Five of the six banks that regulators closed Friday failed primarily because of commercial real estate problems, according to Foresight Analytics, a division of Trepp LLC. The smallest bank to fail Friday – Cincinnati-based Bramble Savings Bank – was undone primarily by residential mortgages, with commercial real estate playing ‘a supporting role,’ the firm says.
Commercial real estate loans – mortgages and construction and land loans – constituted nearly 82% of the six banks' $152 million worth of nonperforming loans, according to data published in Trepp's Treppwire Report last week.

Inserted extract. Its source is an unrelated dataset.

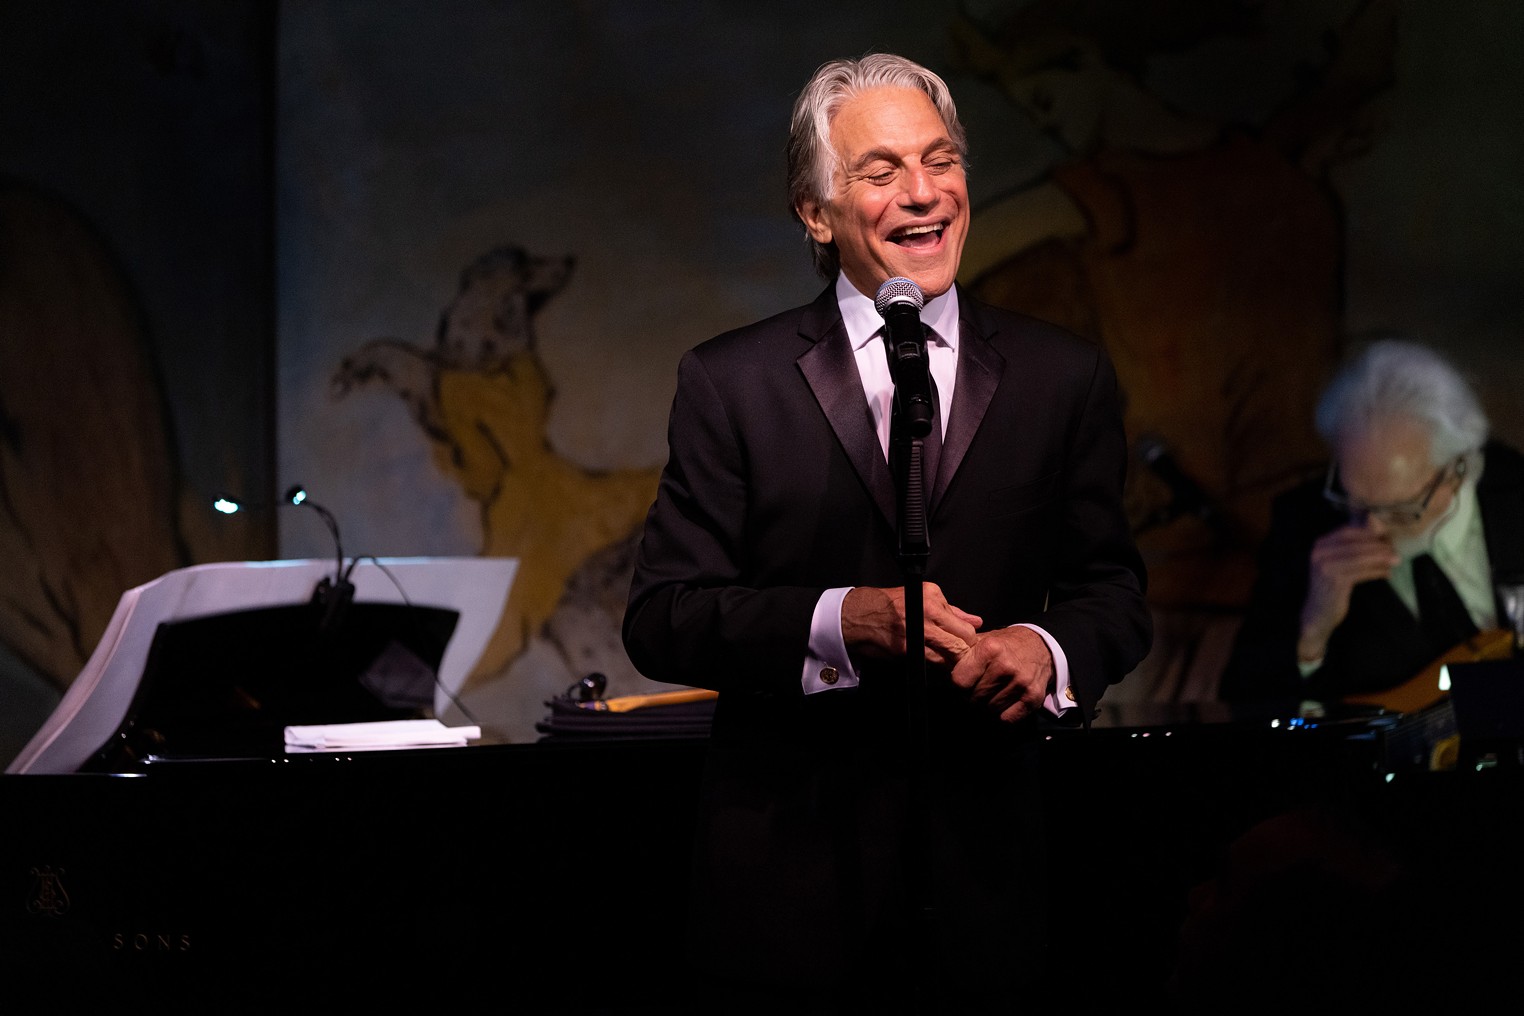 We Learned Tony Danza Is in on the Joke With Elton, and More, Ahead of His Greenville Show

Commercial mortgages were the largest source of the nonperforming loans, with a 44% share.
"We have seen a shift over the last several quarters, with commercial mortgages contributing a larger portion of the distress,’ says Matt Anderson, one of the group leaders of Foresight Analytics. ‘Construction loans are still the largest source of [commercial real estate] distress overall, but commercial mortgages have increased their share."
More than 65% of the nonperforming loans belonging to Winder, Ga.-based The Peoples Bank were commercial mortgages, according to the data from Trepp and Foresight Analytics. All six of the institutions had been on Foresight's bank failure watchlist for four or more quarters.
Foresight Analytics expects Georgia, which produced three of the six bank failures Friday, to lead the nation in bank failures for the rest of this year and into next year. Friday's closings brought the total number of bank failures in the U.S. to 123, and the total number in Georgia to 14.